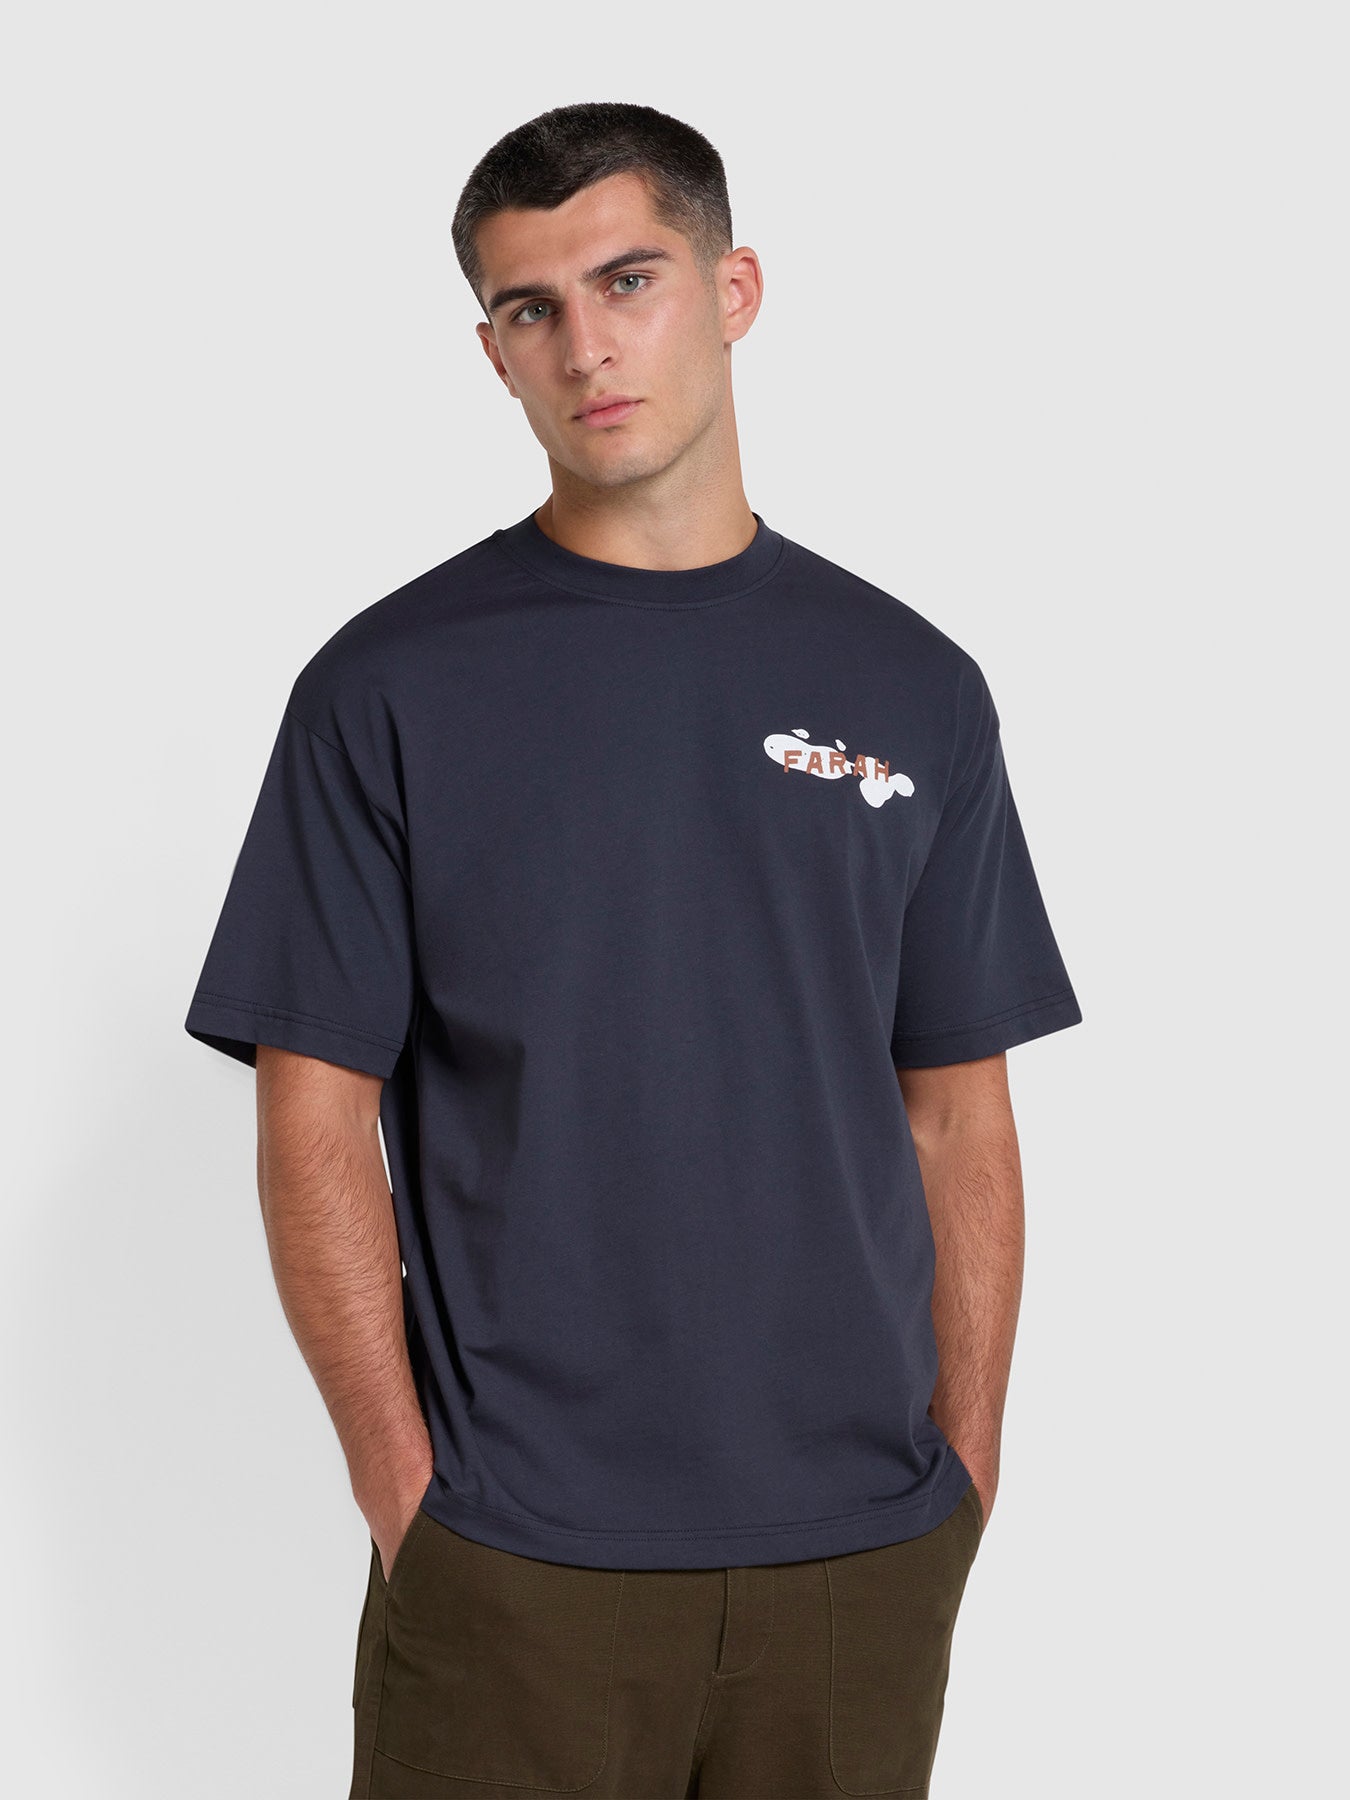 View Farah Guy Graphic Relaxed Fit Organic Cotton TShirt In True Navy Blue Mens information
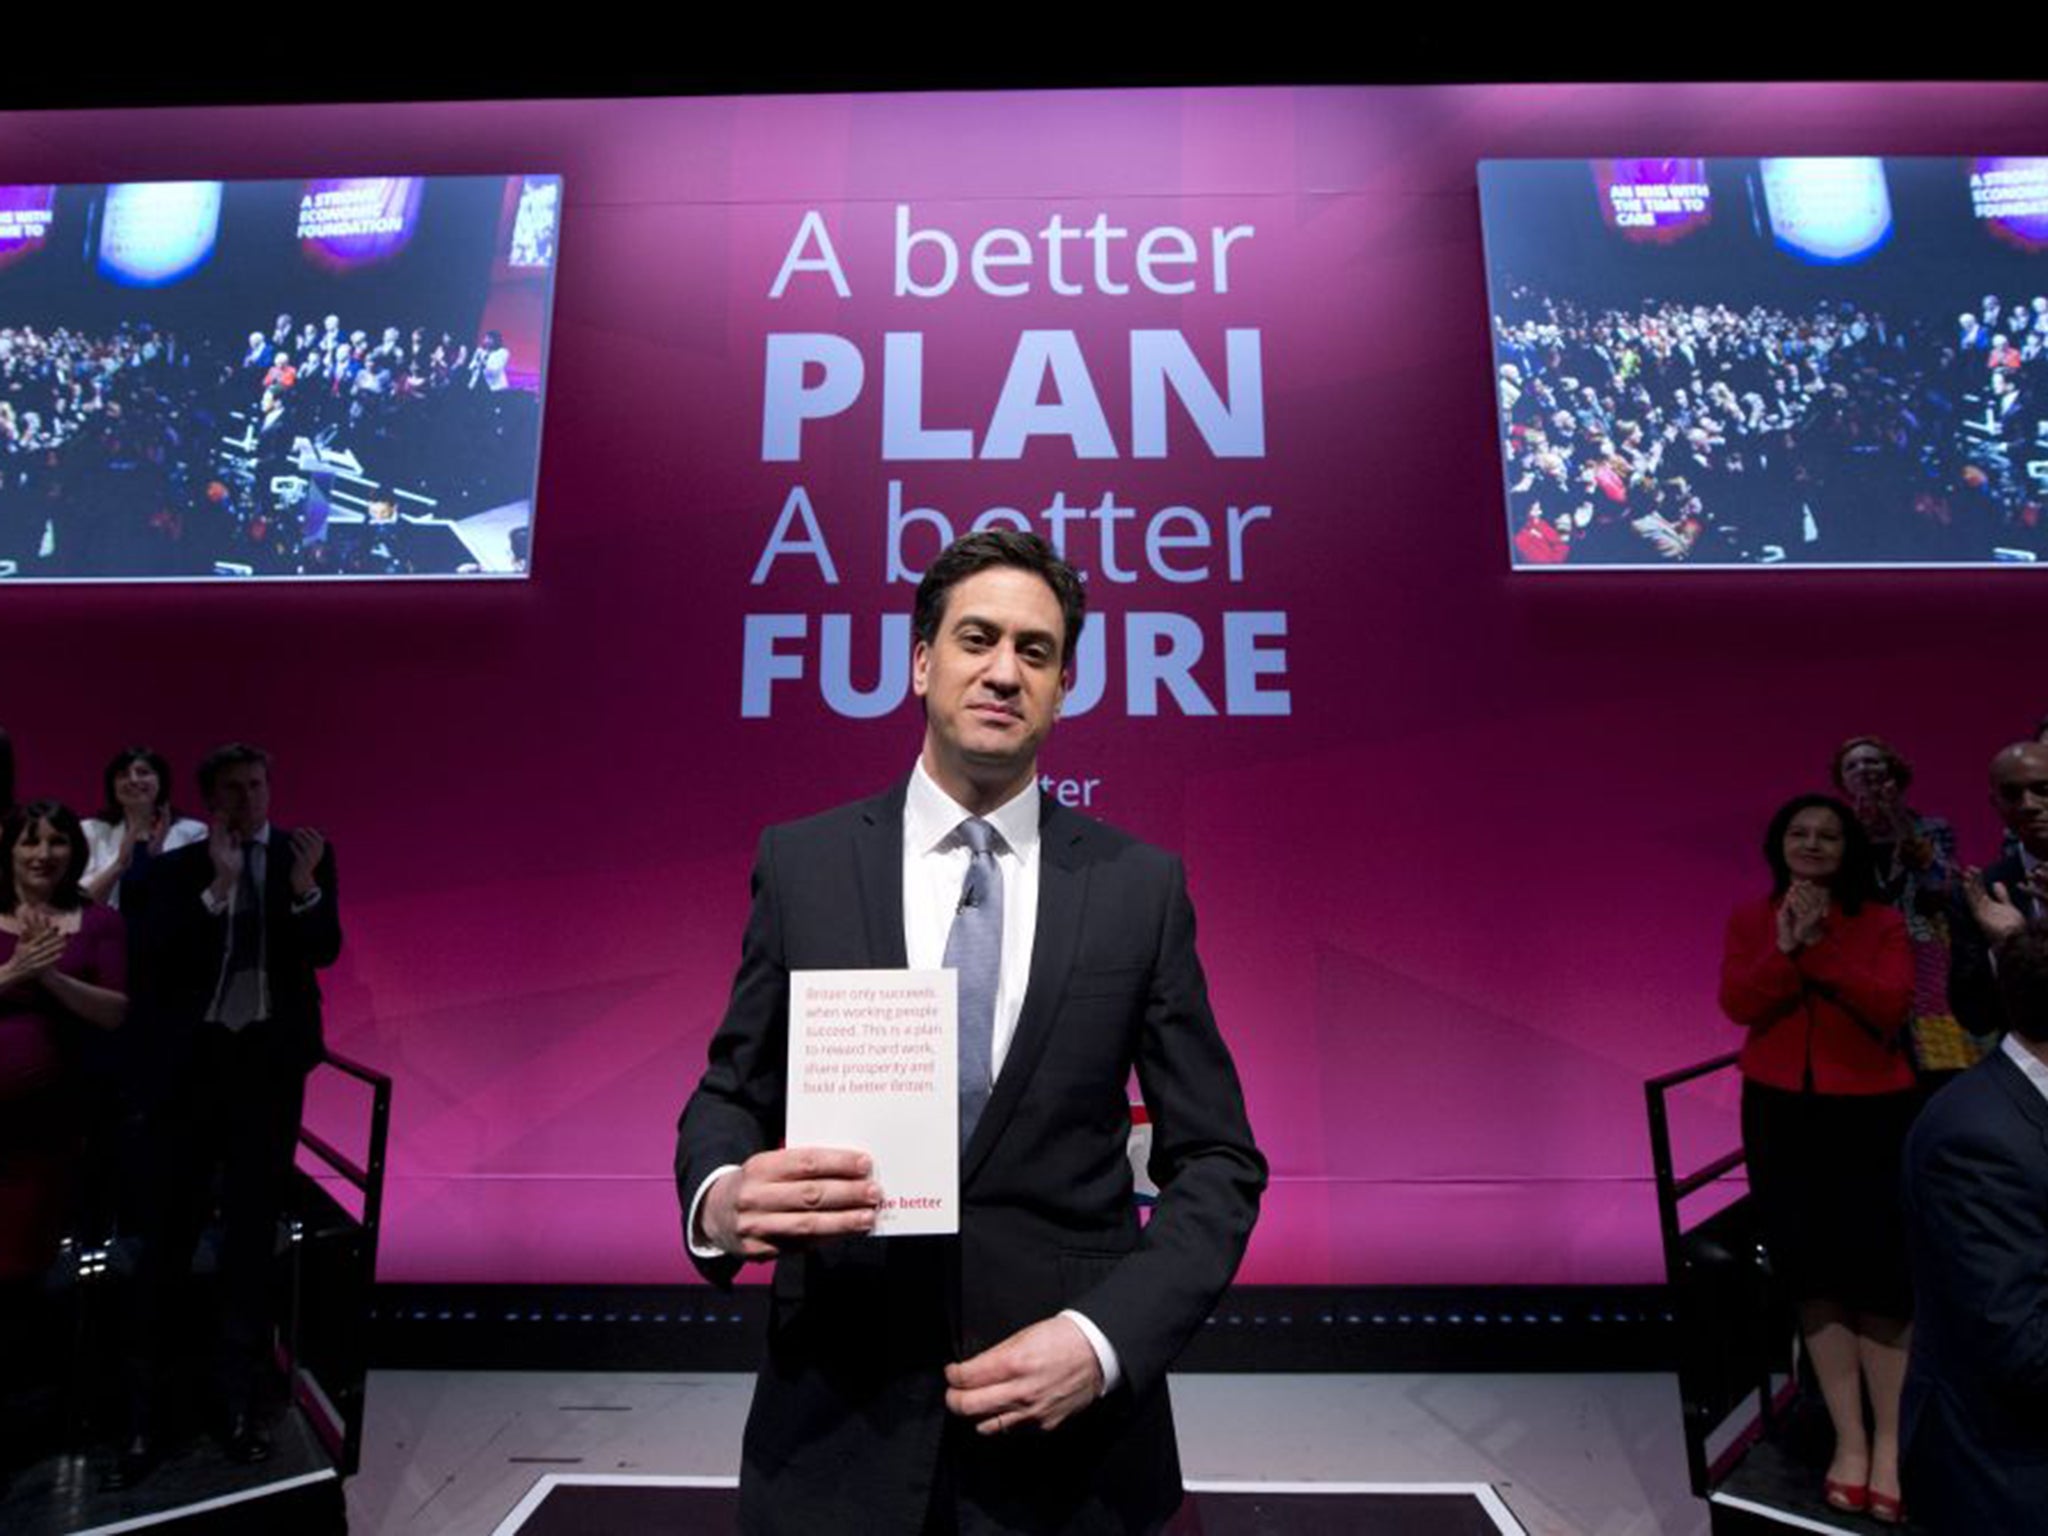 Labour: “Britain Can Be Better” (AFP/Getty)
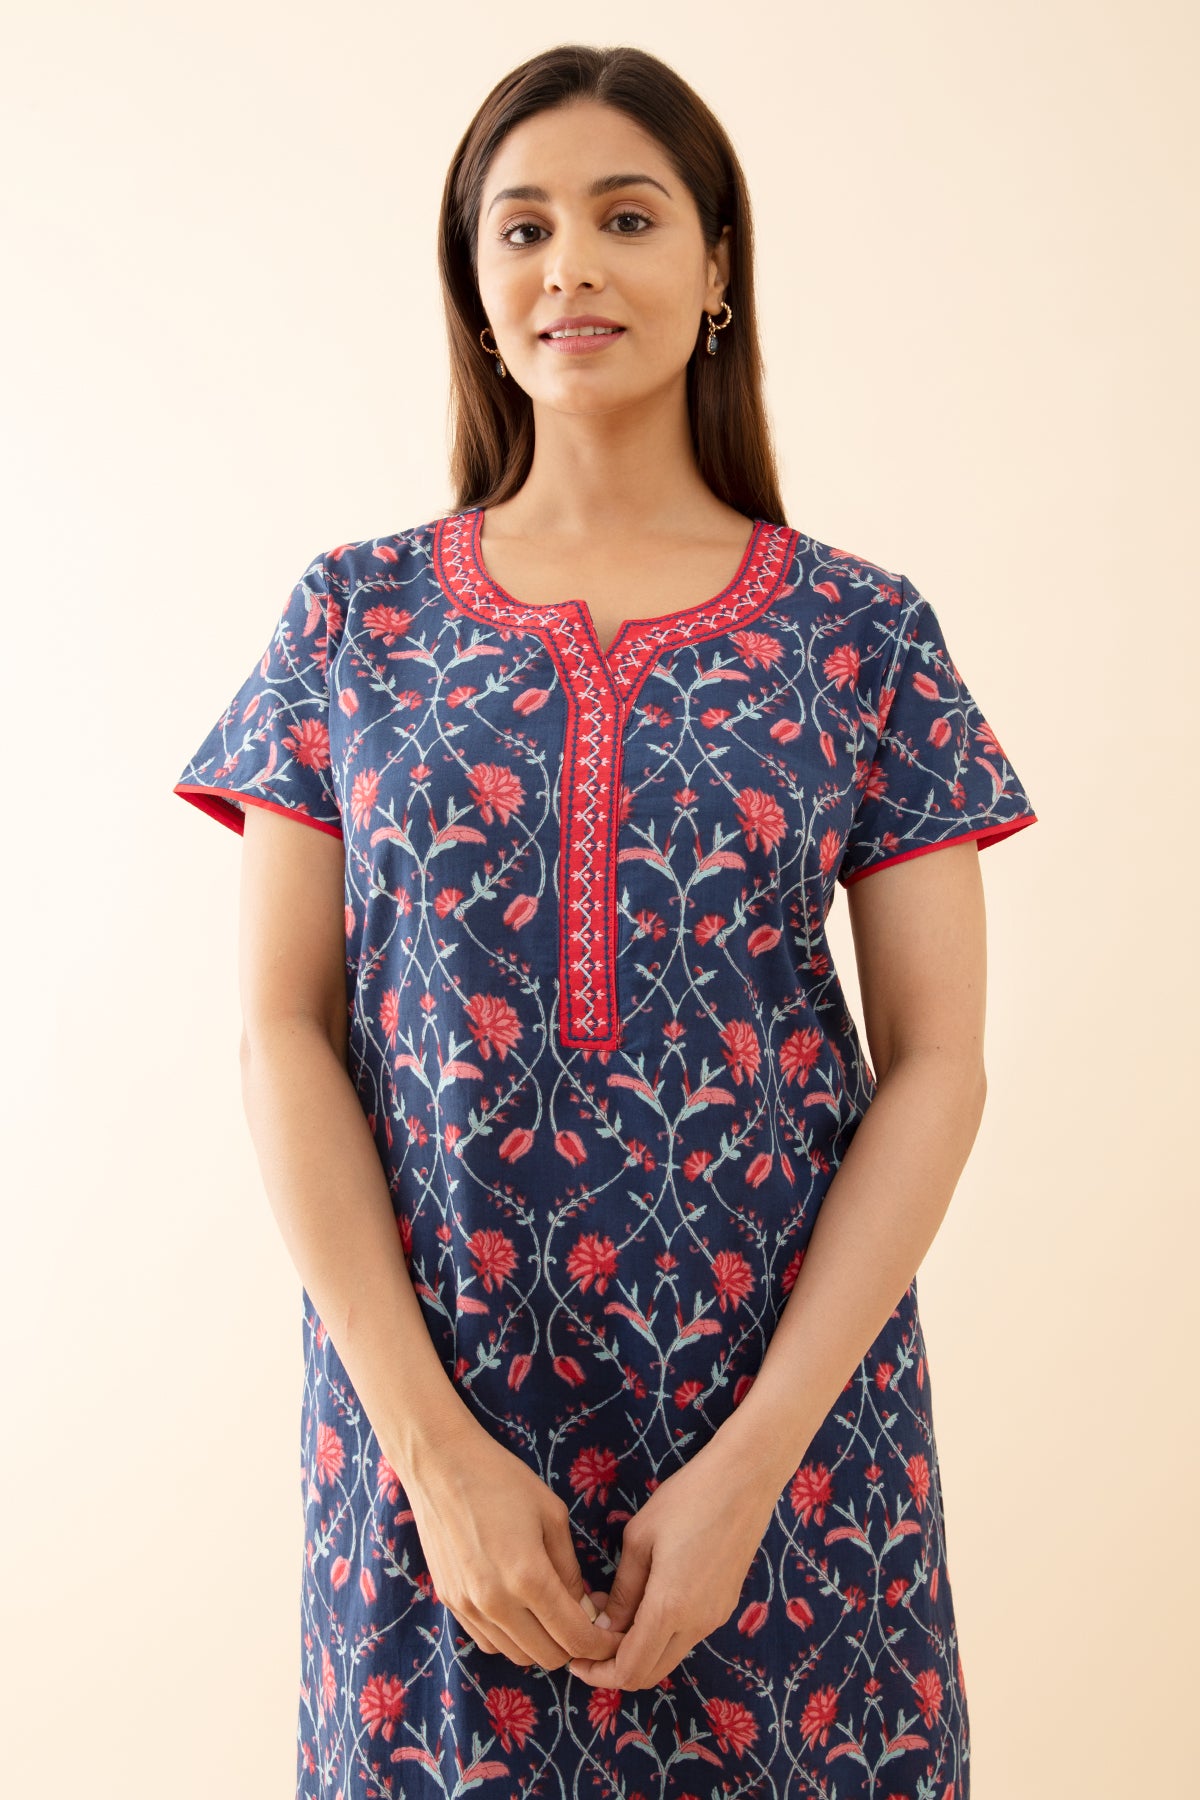 Floral Printed Nighty with Contrast Embroidered Yoke - Blue
- - - - -
→ GOAL OF THE EXERCISE: Output the listing exactly, pictures excluded.

→ RESULT BELOW:
 View Farah Guy Graphic Relaxed Fit Organic Cotton TShirt In True Navy Blue Mens information
 Labour: “Britain Can Be Better” (AFP/Getty)
 Floral Printed Nighty with Contrast Embroidered Yoke - Blue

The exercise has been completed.